Parallelism in Nested Loop
Parallelism in Nested Loop
By : Kasim Wirama, MCDBA
This posting, I would show behavior characteristic of parallelism in nested loop join. Let’s build these 2 big tables first, with the following TSQL script :
CREATE TABLE bigtable
(
col1 INT PRIMARY KEY,
col2 INT,
col3 CHAR(2000)
);
GO
SET NOCOUNT ON;
DECLARE @i INT;
SET @i = 1;
WHILE @i <=300000
BEGIN
INSERT INTO bigtable VALUES (@i , @i + 100, 'SOME VALUE');
SET @i = @i + 1;
END
GO
SELECT *
INTO anotherbigtable
FROM bigtable;
GO
ALTER TABLE anotherbigtable
ADD CONSTRAINT pk_1 PRIMARY KEY (col1);
GO
I retrieve result from columns of both tables by joining them on col1 column with filter criteria col2 column less than 500. The sql query for achieve parallelism in nested loop join is :
SELECT
t1.*, t2.*
FROM bigtable AS t1 JOIN anotherbigtable AS t2
ON t1.col1 = t2.col1
WHERE t2.col2 < 500
The execution plan for the query (run first : SET STATISTICS PROFILE ON) is :
|--Parallelism(Gather Streams)
|--Nested Loops(Inner Join, OUTER REFERENCES:([t2].[col1], [Expr1004]) OPTIMIZED WITH UNORDERED PREFETCH)
|--Clustered Index Scan(OBJECT:([tempdb].[dbo].[anotherbigtable].[pk_1] AS [t2]), WHERE:([tempdb].[dbo].[anotherbigtable].[col2] as [t2].[col2]<(500)))
|--Clustered Index Seek(OBJECT:([tempdb].[dbo].[bigtable].[PK__bigtable__18EBB532] AS [t1]), SEEK:([t1].[col1]=[tempdb].[dbo].[anotherbigtable].[col1] as [t2].[col1]) ORDERED FORWARD)

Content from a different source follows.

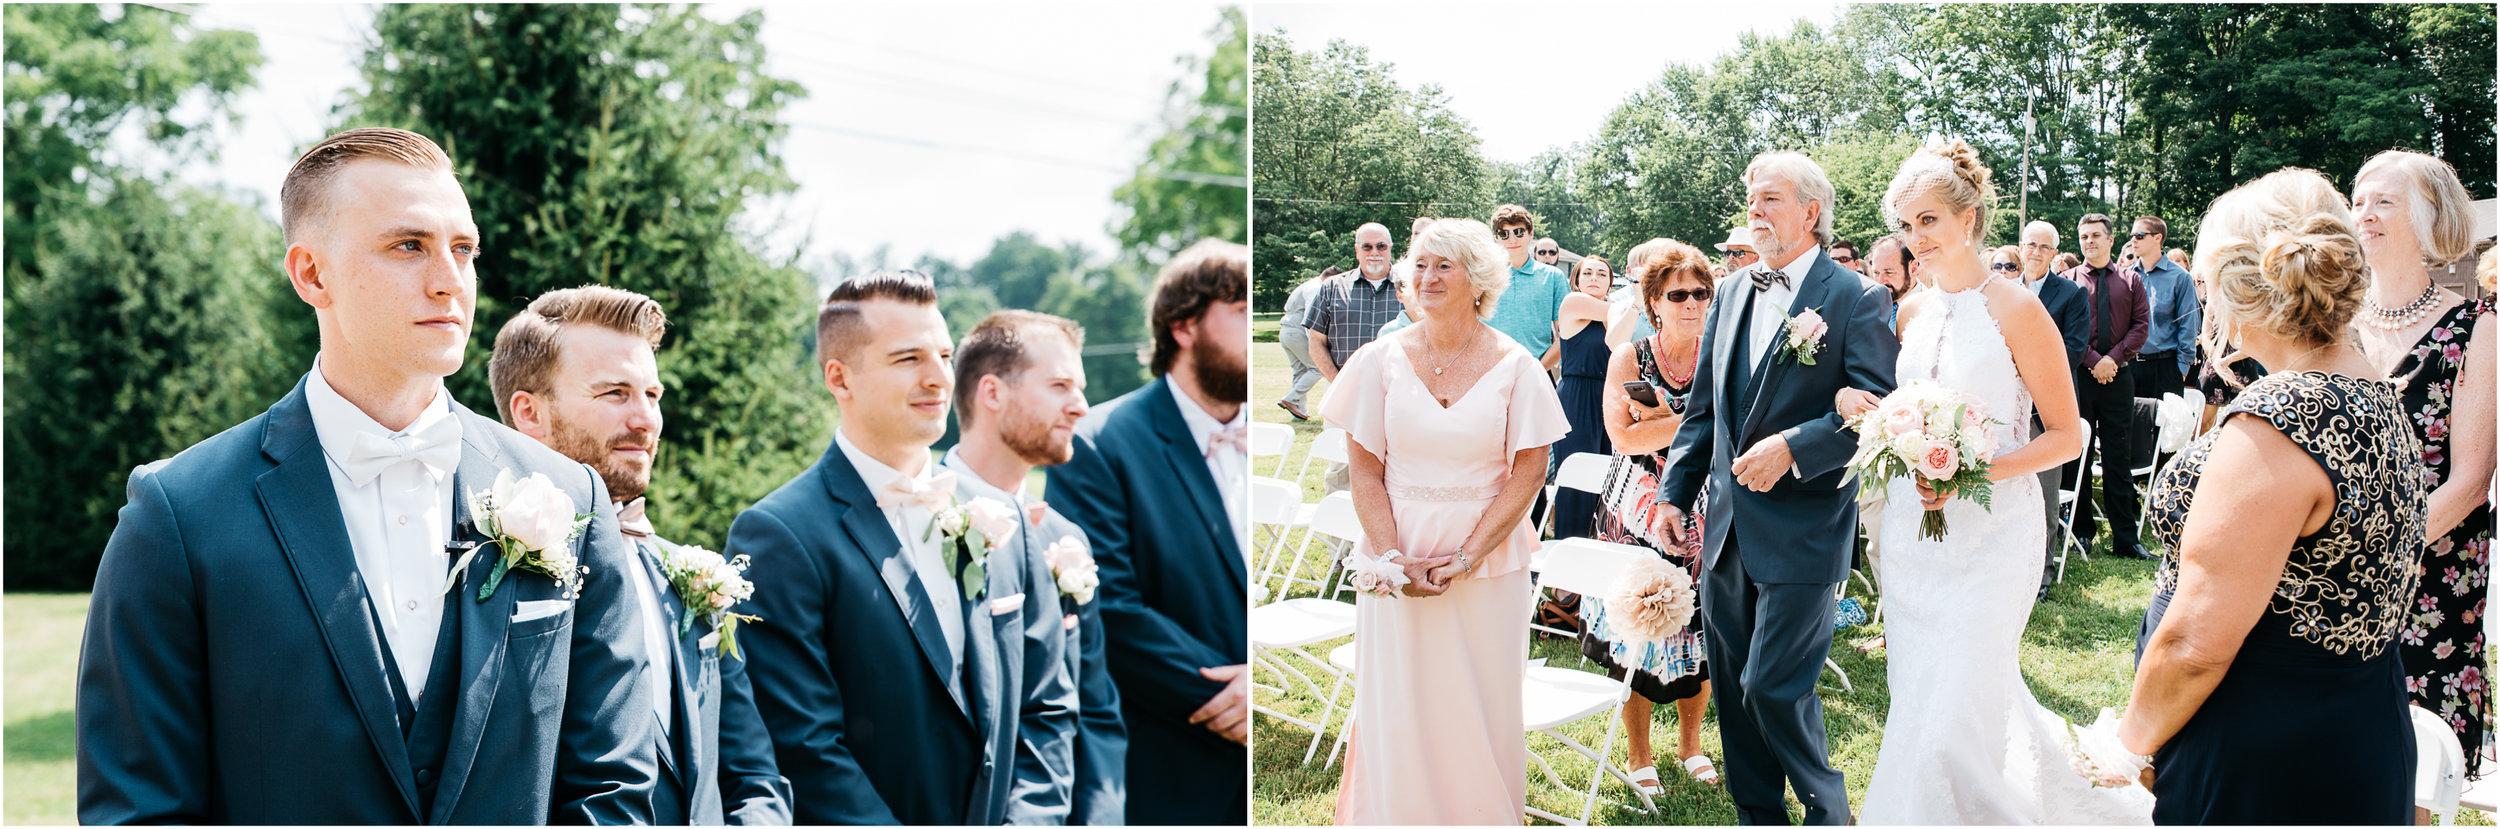 Groom seeing Bride coming down the aisle pittsburgh pa wedding photographer.jpg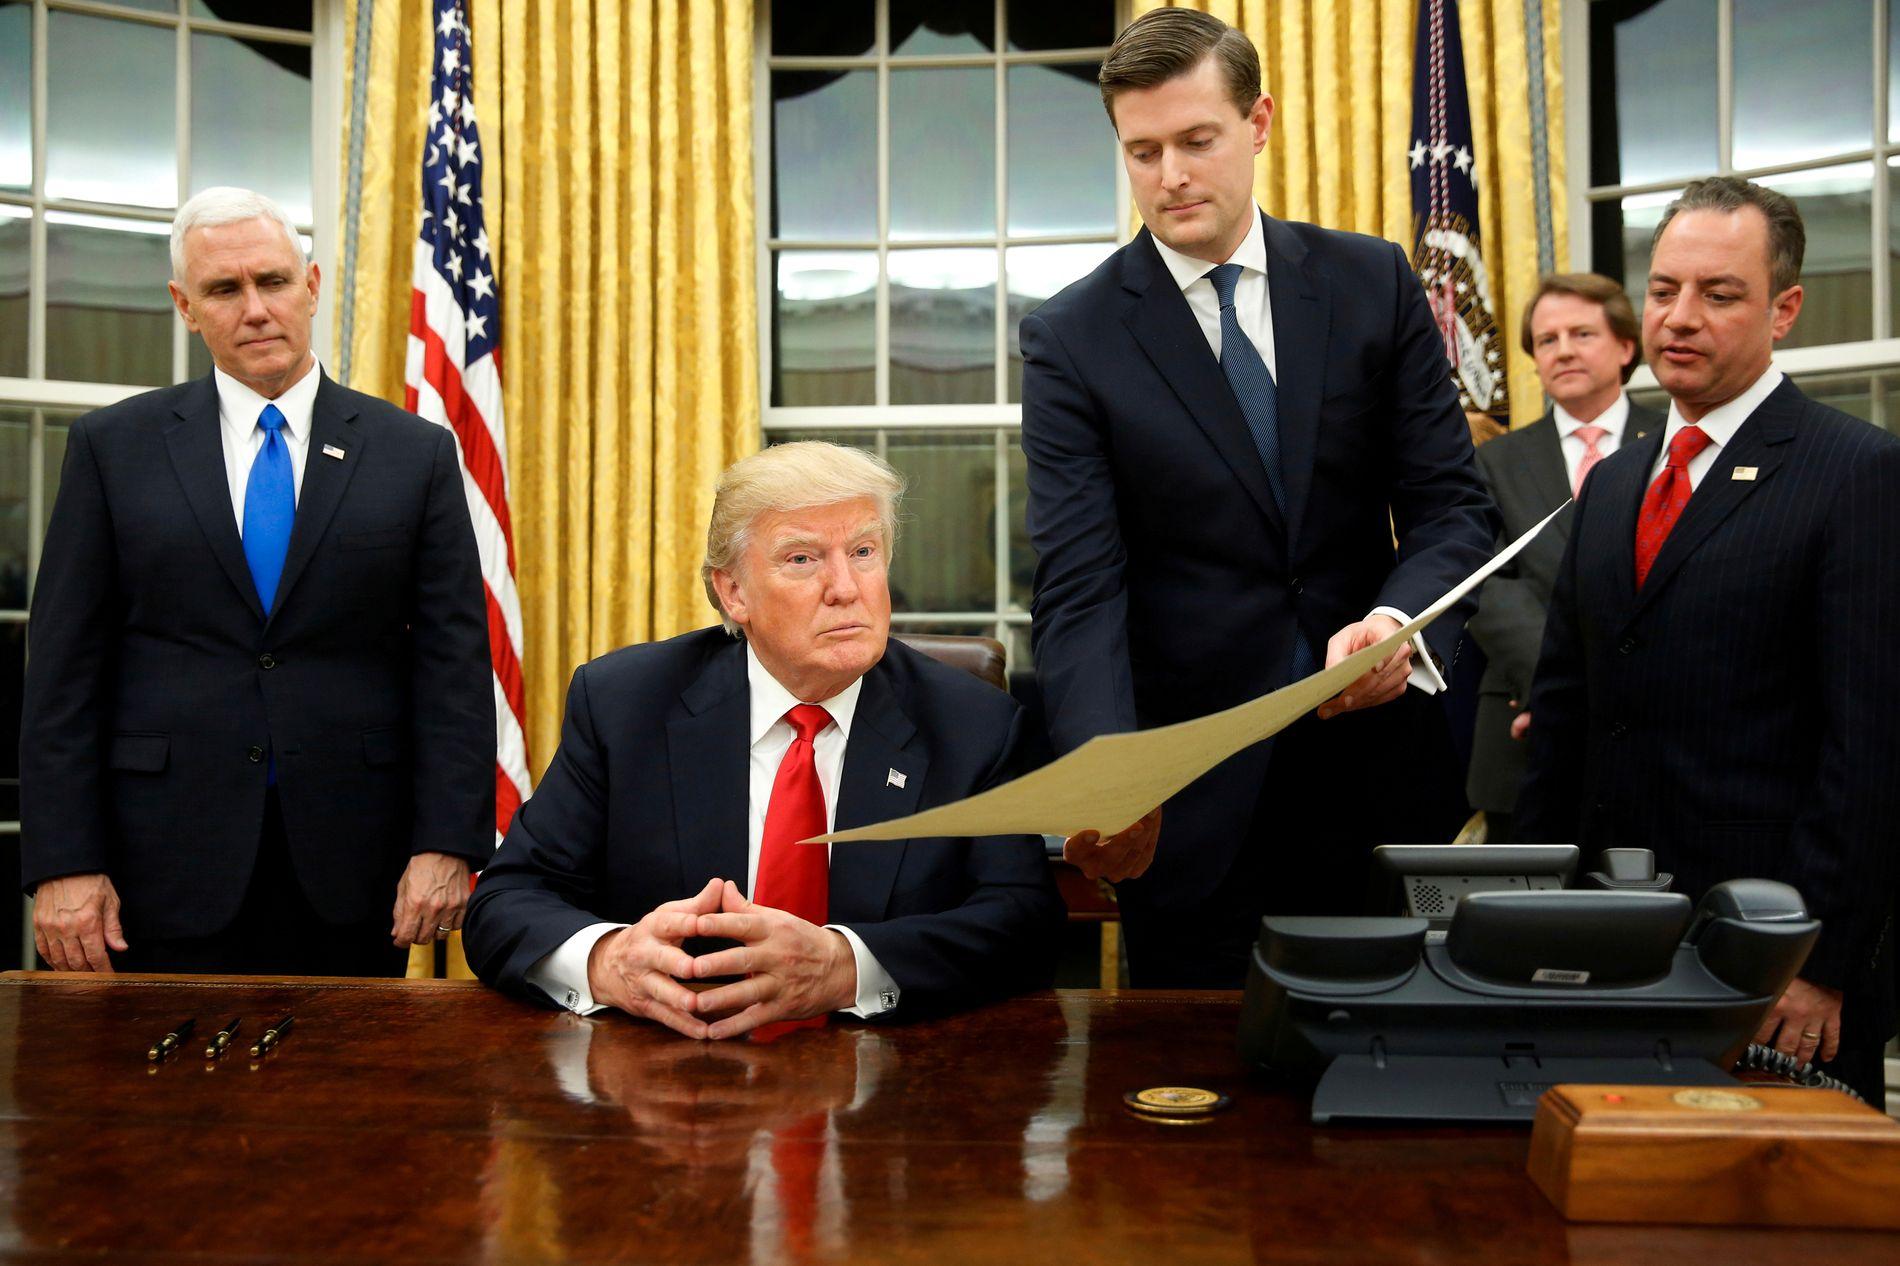 I DET OVALE KONTOR: Robert Porter viser frem et dokument til president Donald Trump. Tidligere stabssjef Reince Priebus til høyre i bildet og visepresident Mike Pence til venstre.

With retrieve only 500 rows from 300,000 rows tables, optimizer need to use parallelism. Why? It is because no index applied on col2 column, so optimizer will search from first until end of join predicate on clustered index col1 on both bigtable and anotherbigtable. To speed up the nested looping processing time, optimizer decides to apply parallelism on Nested Loops operator. With parallelism on nested loop, optimizer use more than one thread, and group of rows would be independent across threads. Outer query (Clustered Index Scan operator) will be on each of threads. How about inner query (Clustered Index Seek operator)? Is it also separated on each threads? Here is something a bit tricky. The answer is no, inner query will be executed in serial mode because data on inner query (bigtable) is shared among threads on anotherbigtable (outer query) so parallelism on inner query couldn’t be applied whereas outer query could.